Viu seu pai de pé, sorrindo ao lado do cadeirão vazio. Nikol estava do mesmo jeito de sempre, vestindo liéve fresca, magro e forte nas feições dos Arrundria. Próximo dele, seus gatos — os baixos meio-irmãos não Arrundria de Faina, três homens e uma bela menina baixa e de cabelos loiros — a fitavam… Dele para cima, havia um estrado mal iluminado. Seu coração ardeu e cerrou seus dentes.
“Brisa, calor, o vento calmo da manhã, água em copo, um pinheiro cheio de folhas. Neve parada. Uma floresta cheia. Pássaros dormindo. Ovelhas cansadas. Um barco parado no porto. O mar quieto.”
Sobre o estrado viu um grande trono de gelo-velho, tão antigo quanto as ilhas… viu seu bisavô sentado num trono de gelo puro, azul cristalino. A carne estava tão enrugada e seca que suas bochechas magras despencavam dos ossos, como se os músculos tivessem apodrecido e virado água. Tentou repetir as palavras, mas o grito das batidas do seu coração eram altas demais para que pensasse direito.
— …
“Ande.”
Reparou que os Seis Chefes — Skjá Vladein, Boyko Ryba, Jaromir Veiliodyr, Tihimil Valke, Rayko Solnechny e Bogdan Mraziv — estavam de pé abaixo do cadeirão onde seria testada. Ficou surpresa de como Skjá Vladein chegara antes dela. “Havia alguma rota mais rápida?”
Ele tinha saído antes dela, de fato, mas não imaginava algum método para chegar mais rápido. Buscou ainda, Draziz, seu tio infame. Ouvira que tinha viajado para as Agulhas, afim de trucidar os Caras-Queimada; os rumores ruins chegaram em seus ouvidos até mesmo no seu palácio, isolado entre colinas.
“Ande”, bravejara “, sem Draziz aqui consigo me concentrar… ou tentar! Ele ao menos era engraçado…” Notou os olhos amarelos do bisavô caindo contra si, e de repente percebeu algo terrível. Krazdoro parecia idêntico ao Rieq, a única pessoa por quem conseguia sentir ódio. Um Razzin muito mais novo. Não queria ter percebido isso. Apertou seu filho, que dormia feito uma pedra.
A serva do Deus Branco, do Deus Gritante e do Deus Rígido, que estava ajoelhada perante um pequeno braseiro, levantou-se pouco após Faina chegar à metade do caminho.
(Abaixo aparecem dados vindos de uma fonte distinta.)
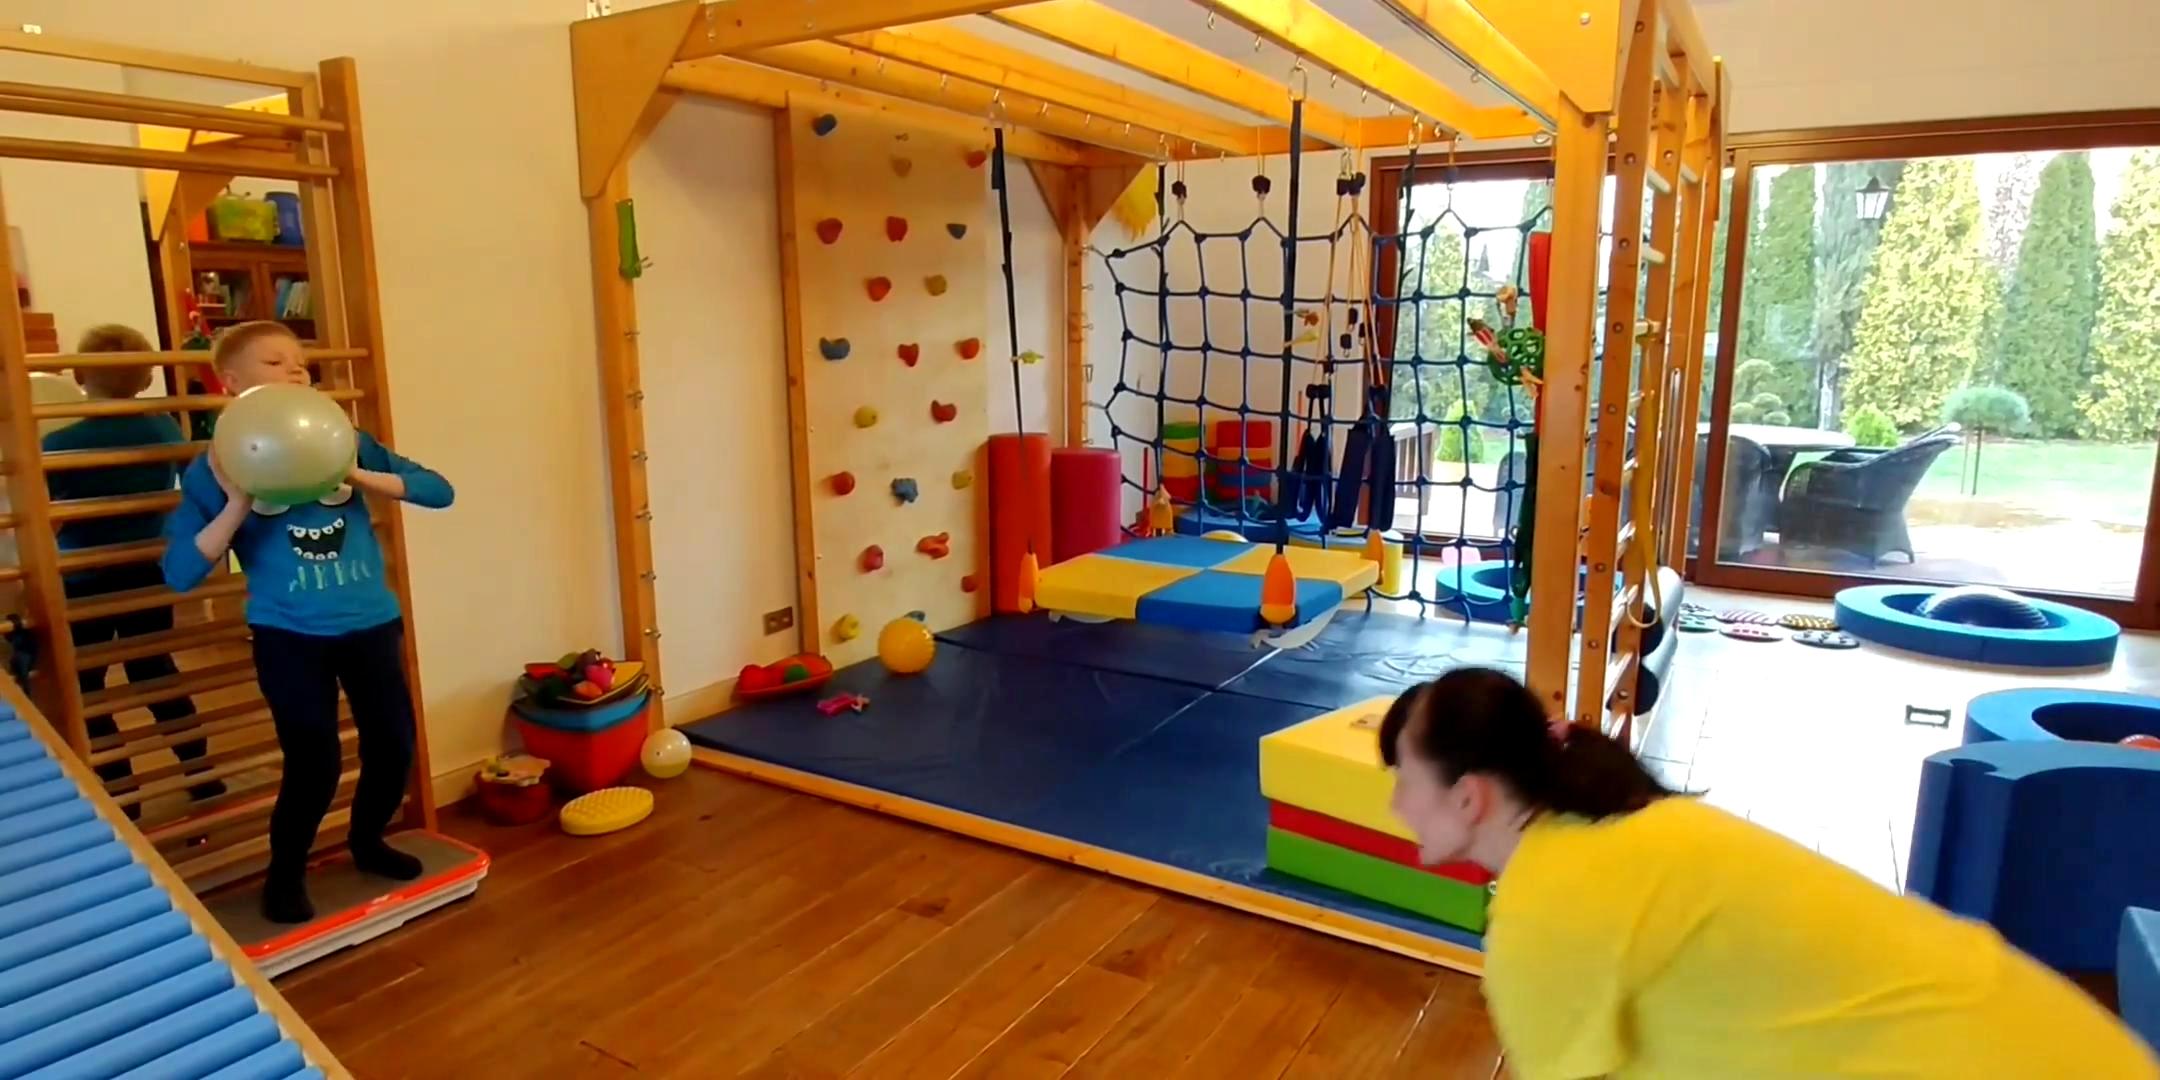 Terapia Rehabilitacja Dziecieca Z Pilkami Reaxing Reax Fluiball 26cm

— Chega a filha do Leão e do mar, a primeira — gritou. Faina notou escravos com anéis no nariz puxando alguma coisa pesada. — Primeira, ó, é primeira. Perdoe esta velha, primeira, mas não achamos nenhum leão no mar. Seria seu, ó, seria. Contente-se com um da neve, sim, por favor. E sente-se, Primeira! Eis seu Velho Nome! Primeira.
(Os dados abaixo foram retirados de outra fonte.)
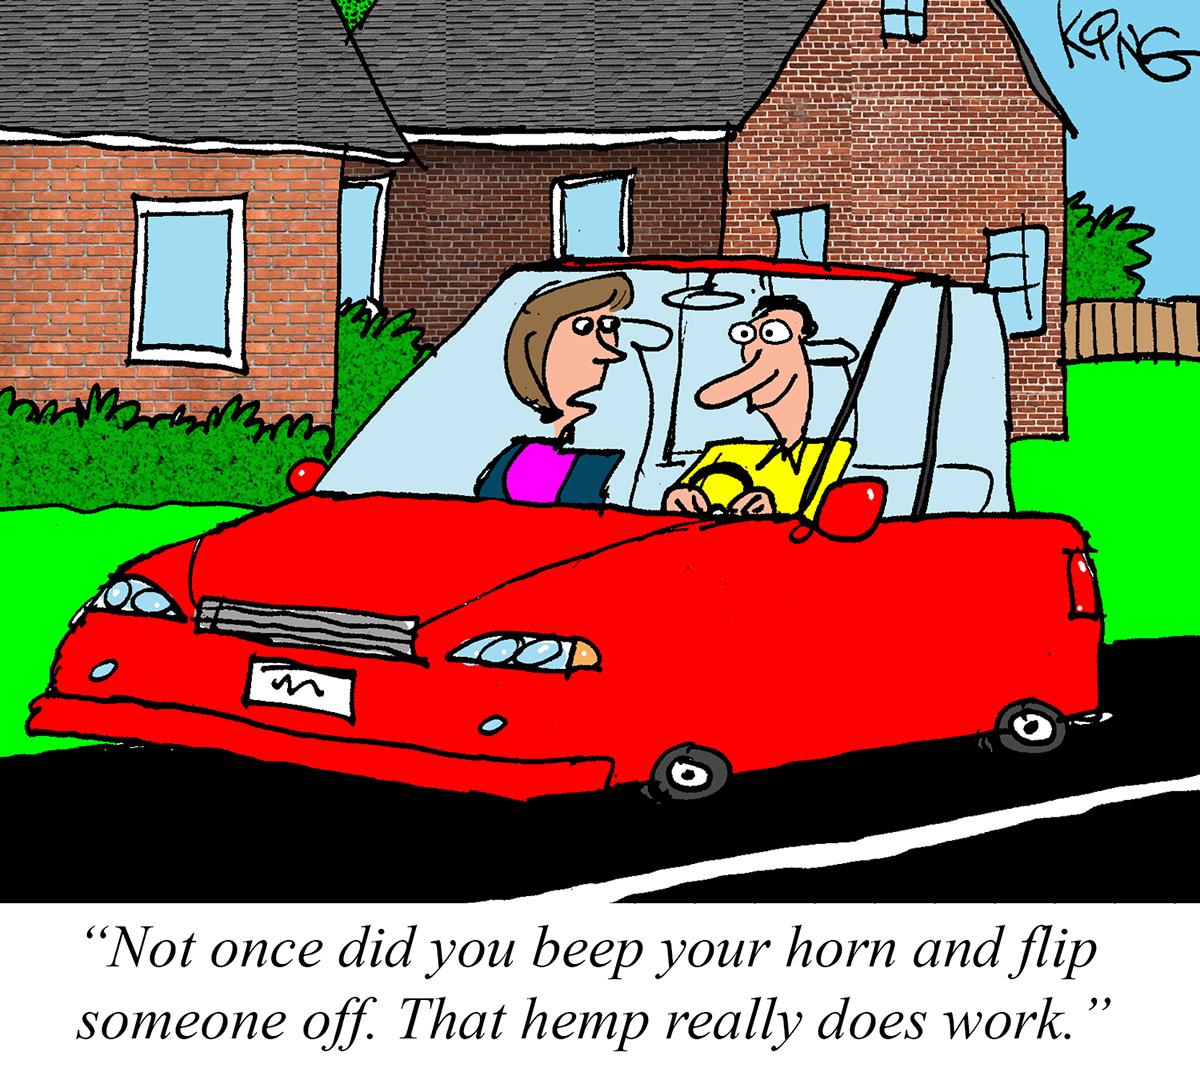 Jerry King-cartoonist-April 2021-hemp cartoon-CBD-CBDToday

— Primeira! — aclamaram os Chefes, família e servos e escravos.
“O do bisavô era Forte, não era? Razzin, o Forte? Meu Krazdoro não será lembrado assim.”
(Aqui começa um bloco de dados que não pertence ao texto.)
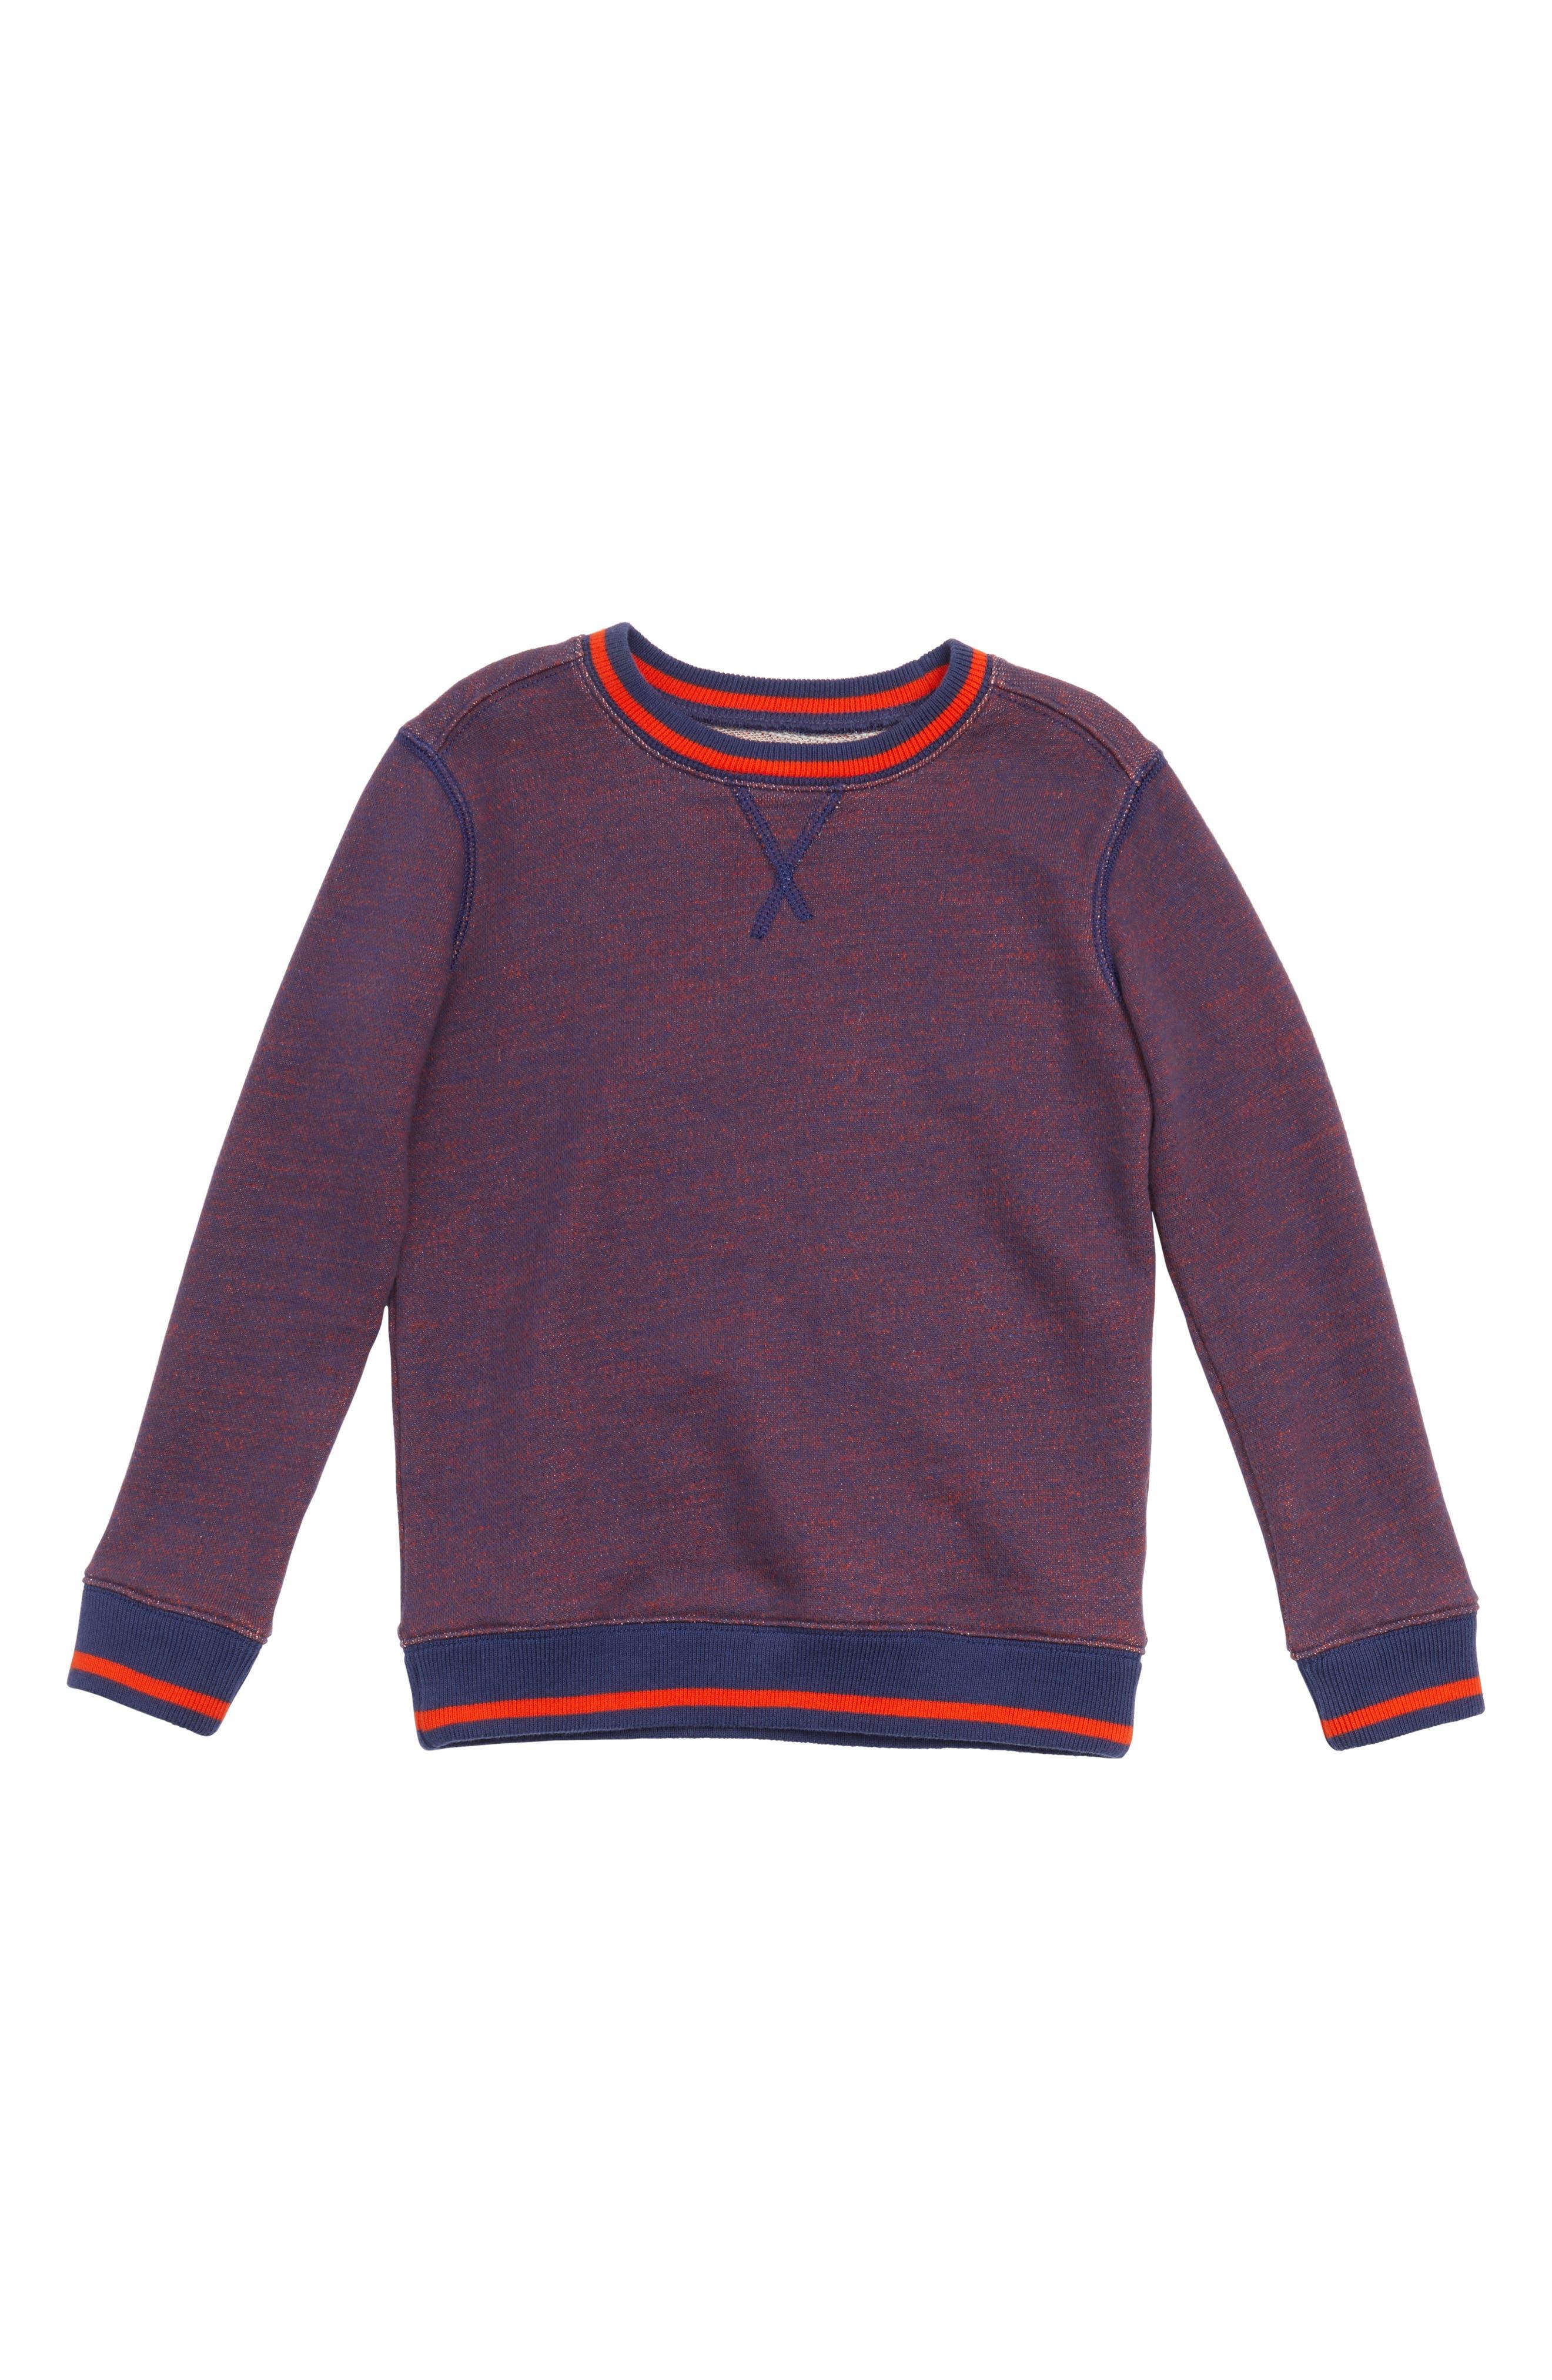 Crewneck Sweatshirt,                             Main thumbnail 1, color,                             410

Dois escravos, com as tiras de couro amarradas no nariz, empurraram o grande cadeirão vazio. Ao sentar-se, viu os Chefes, seus filhos e filhas, esposas e servos, ajoelhados de novo. A serva dos deuses frios foi em direção de Faina e ergueu as mãos magras. Entendeu e entregou-a Krazdoro. Depressa, a velha apresentou-o para todos os Chefes, movendo-o devagar para esquerda e direita.
— Eis o primogênito! Primeiro da Primeira!